Domain: The domain of a composite function is the set of x such that $g(x)$ is defined and $f(g(x))$ makes sense
Commutative Law: Function composition does not satisfy the commutative law: $f \circ g \neq g \circ f$
Associative Law: Function composition satisfies the associative law: $(f \circ g) \circ h = f \circ (g \circ h)$

Examples

Common examples of composite functions:

$f(x) = \sin(x^2)$ is the composite of $f(u) = \sin u$ and $g(x) = x^2$
$f(x) = e^{\sqrt{x}}$ is the composite of $f(u) = e^u$ and $g(x) = \sqrt{x}$
$f(x) = \ln(x^2 + 1)$ is the composite of $f(u) = \ln u$ and $g(x) = x^2 + 1$

Methods for Finding the Domain of Composite Functions

First Step: Find the domain of the inner function $g(x)$
Second Step: Find the domain of the outer function $f(u)$
Third Step: Find the range of x such that the value of $g(x)$ belongs to the domain of $f(u)$

Derivative of Composite Functions

The derivative of composite functions can be found using the chain rule:

$\frac{d}{dx}[f(g(x))] = f'(g(x)) \cdot g'(x)$

Exercises

Exercise 1

Find the domain of the composite function $f(x) = \ln(\sqrt{x^2 + 1})$ .

Reference Answer (4 个标签)

composite function domain logarithmic function radical function

Solution Approach: We need to consider the domains of the inner function $\sqrt{x^2 + 1}$ and the outer function $\ln u$ respectively.

Detailed Steps:

Domain of the inner function $\sqrt{x^2 + 1}$ : $x^2 + 1 \geq 0$ , which holds for all real numbers x
Domain of the outer function $\ln u$ : $u > 0$ , i.e., $\sqrt{x^2 + 1} > 0$
Since $x^2 + 1 \geq 1 > 0$ , so $\sqrt{x^2 + 1} > 0$ holds for all real numbers x

Answer: The domain is $\mathbb{R}$ (all real numbers).

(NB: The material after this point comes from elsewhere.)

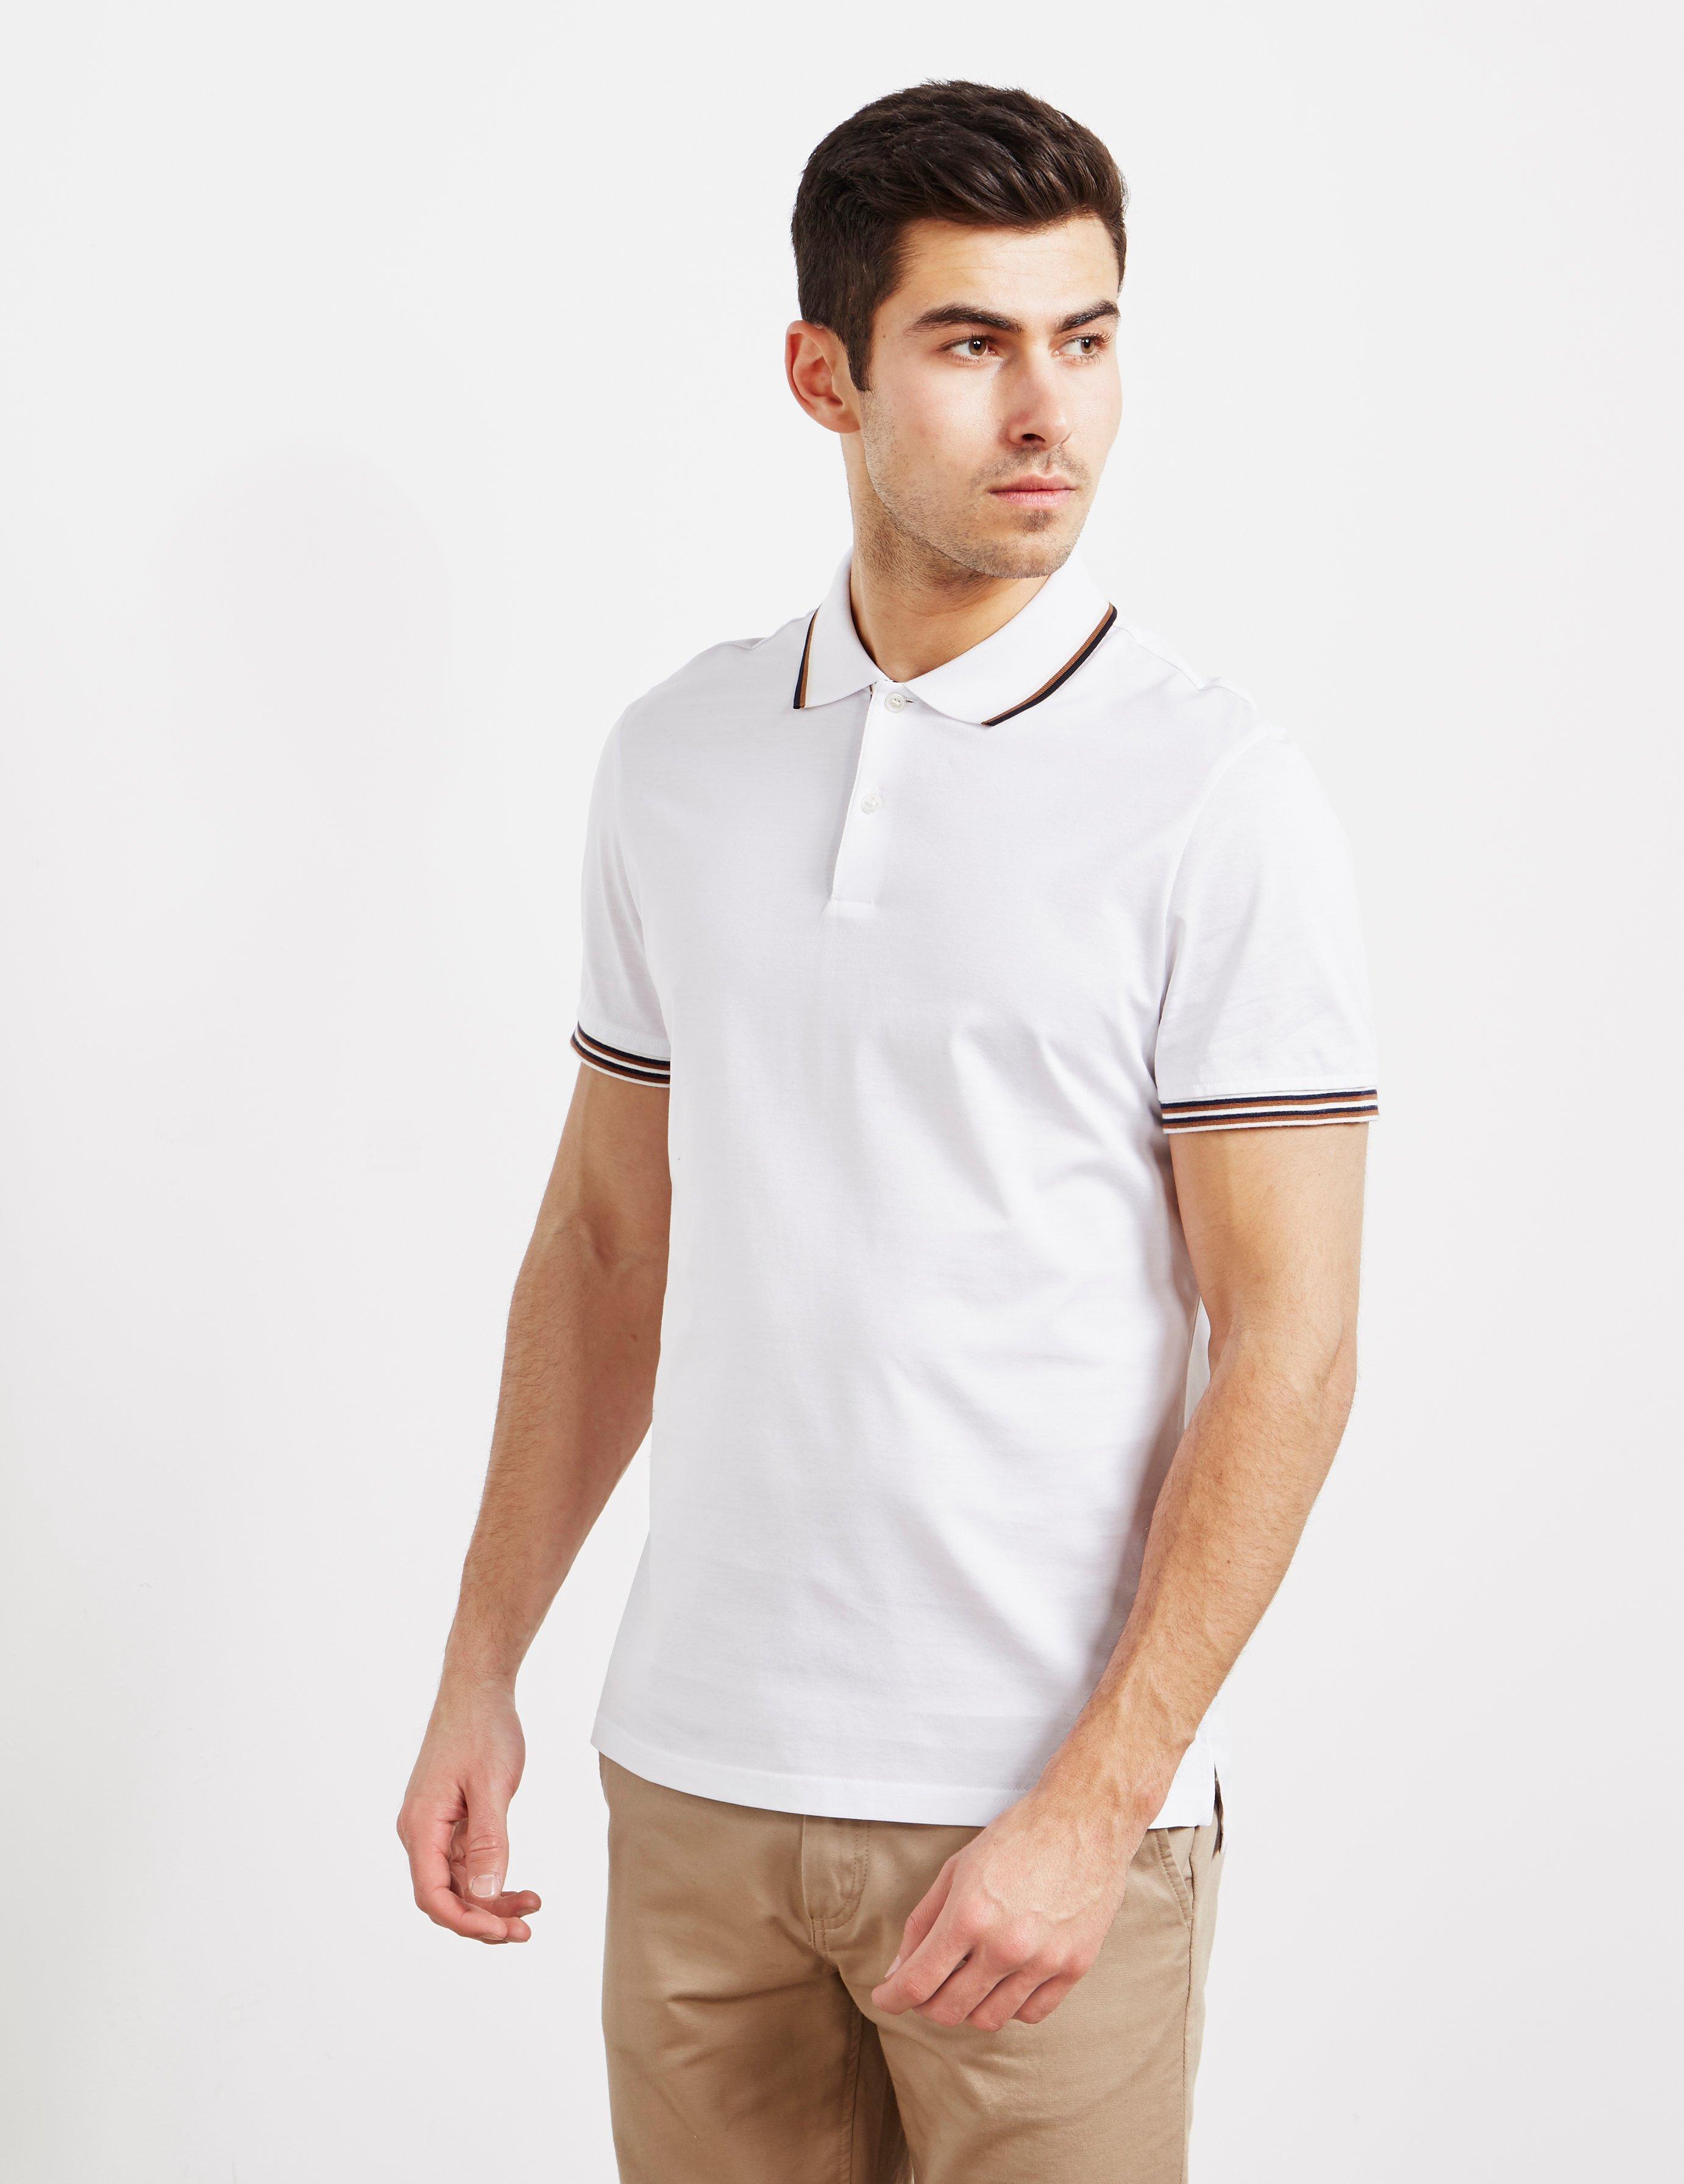 4f4732731 Lyst - Aquascutum Tipped Collar Short Sleeve Polo Shirt White in ...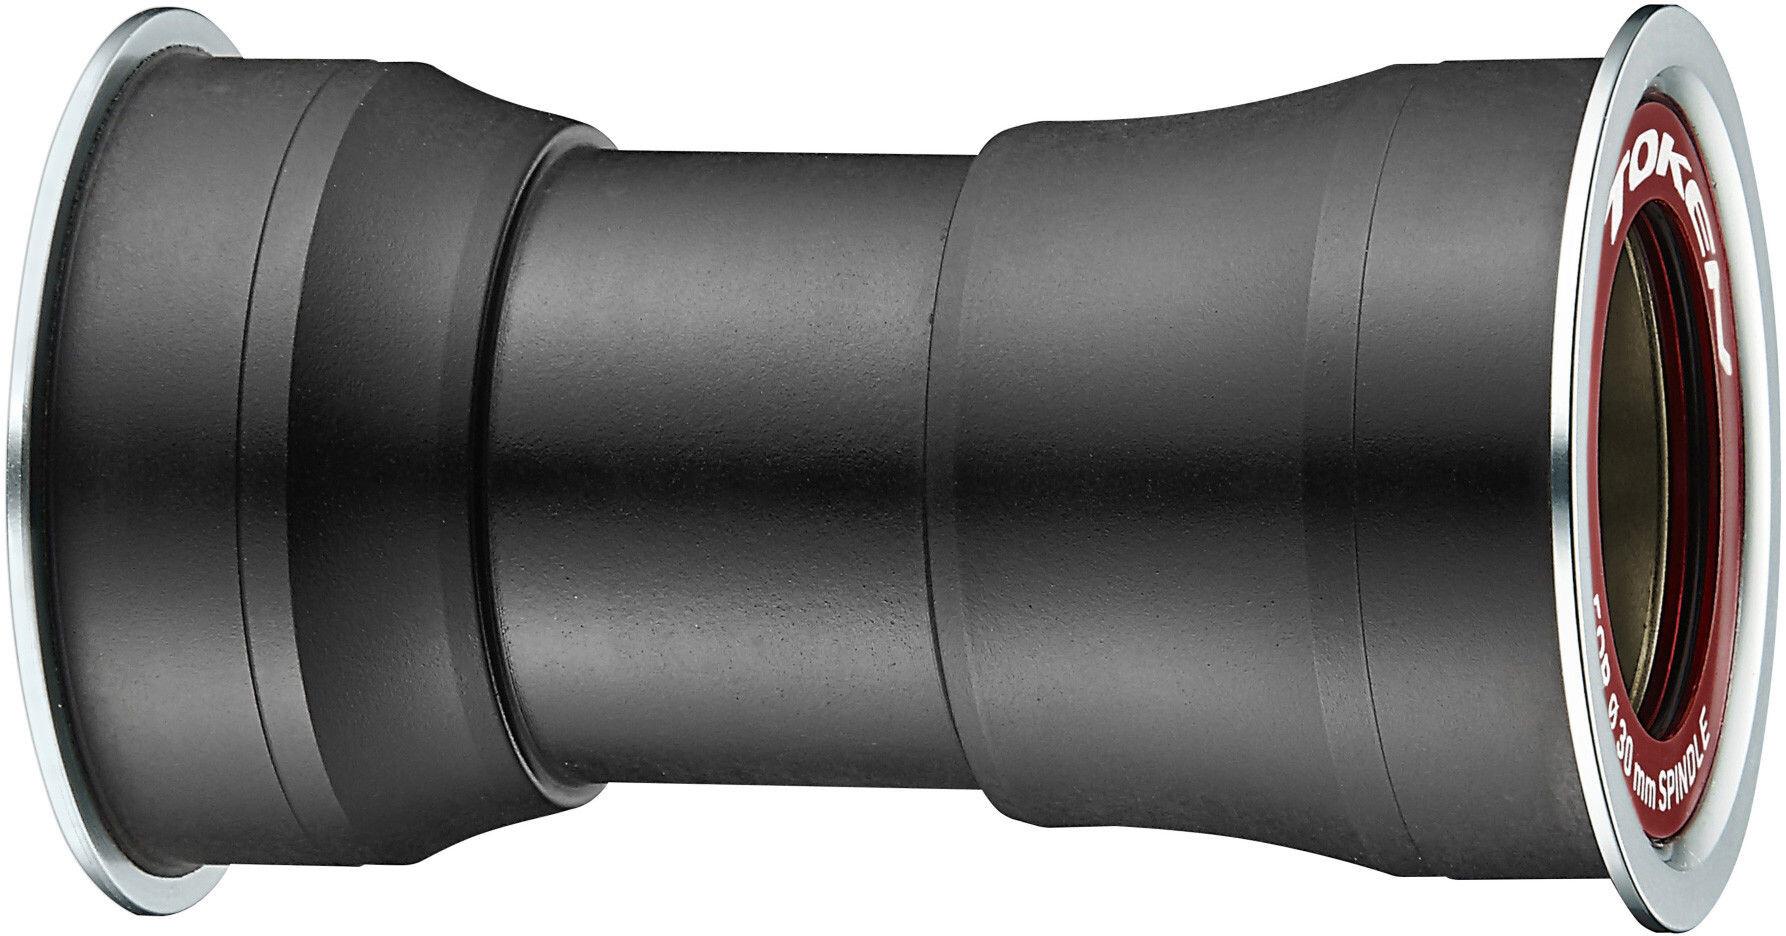 TOKEN Fusion PF30 / BB386 krankboks / KRG SRAM GXP | Krankbokse

$\mathbb{R}$ (blackboard bold R): This is the standard mathematical symbol for the set of real numbers (Real numbers), i.e., the set of all real numbers. Blackboard bold is a special font style used in mathematics to represent sets, to distinguish set symbols from ordinary variables.

Exercise 2

Find the domain of the composite function $f(x) = \sin(\ln x)$ .

Reference Answer (4 个标签)

composite function domain trigonometric function logarithmic function

Solution Approach: We need to consider the domains of the inner function $\ln x$ and the outer function $\sin u$ respectively.

Detailed Steps:

Domain of the inner function $\ln x$ : $x > 0$
Domain of the outer function $\sin u$ : $u \in \mathbb{R}$ , defined for all real numbers
Therefore the domain of the composite function is the domain of the inner function

Answer: The domain is $(0, +\infty)$ .

Exercise 3

Find the domain of the composite function $f(x) = \sqrt{\frac{1}{x-1}}$ .

Reference Answer (4 个标签)

composite function domain radical function rational function

Solution Approach: We need to consider the domains of the inner function $\frac{1}{x-1}$ and the outer function $\sqrt{u}$ respectively.

Detailed Steps:

Domain of the inner function $\frac{1}{x-1}$ : $x \neq 1$
Domain of the outer function $\sqrt{u}$ : $u \geq 0$ , i.e., $\frac{1}{x-1} \geq 0$
Solve the inequality $\frac{1}{x-1} \geq 0$ $\frac{1}{x - 1} \geq 0$ :
- When $x-1 > 0$ , $\frac{1}{x-1} > 0 \geq 0$ , which holds
- When $x-1 < 0$ , $\frac{1}{x-1} < 0$ , which does not hold
So $x-1 > 0$ , i.e., $x > 1$

Answer: The domain is $(1, +\infty)$ .

Summary

Symbols Appearing in This Article

Symbol	Type	Pronunciation/Explanation	Meaning in This Article
$f(x)$	Mathematical Symbol	f of x	Function notation, representing a function with x as the independent variable
$f(u)$	Mathematical Symbol	f of u	Outer function, with u as the independent variable
$g(x)$	Mathematical Symbol	g of x	Inner function, with x as the independent variable
$f[g(x)]$	Mathematical Symbol	f of g of x	Composite function, composition of f and g
$f \circ g$	Mathematical Symbol	f composed with g	Composite function notation
$f'(x)$	Mathematical Symbol	f prime of x	First derivative of the function
$f'(g(x))$	Mathematical Symbol	f prime of g of x	Derivative of the outer function at the value of the inner function
$\mathbb{R}$	Mathematical Symbol	Blackboard bold R (Real numbers)	Represents the set of real numbers, the set of all real numbers
$(a, +\infty)$	Mathematical Symbol	Open interval	Left-open right-infinite interval

Chinese-English Glossary

Chinese Term	English Term	Pronunciation	Explanation
复合函数	composite function	/ˈkɒmpəzɪt ˈfʌŋkʃən/	A function formed by nesting two or more functions
外层函数	outer function	/ˈaʊtə ˈfʌŋkʃən/	The function at the outer layer in a composite function
内层函数	inner function	/ˈɪnə ˈfʌŋkʃən/	The function at the inner layer in a composite function
交换律	commutative law	/kəˈmjuːtətɪv lɔː/	The property that operations satisfy commutativity
结合律	associative law	/əˈsəʊʃɪətɪv lɔː/	The property that operations satisfy associativity
链式法则	chain rule	/tʃeɪn ruːl/	The rule for differentiating composite functions
嵌套	nesting	/ˈnestɪŋ/	Multi-layer combination of functions

NextInverse Functions学习反函数的定义、性质和求法，掌握反函数与原函数的关系。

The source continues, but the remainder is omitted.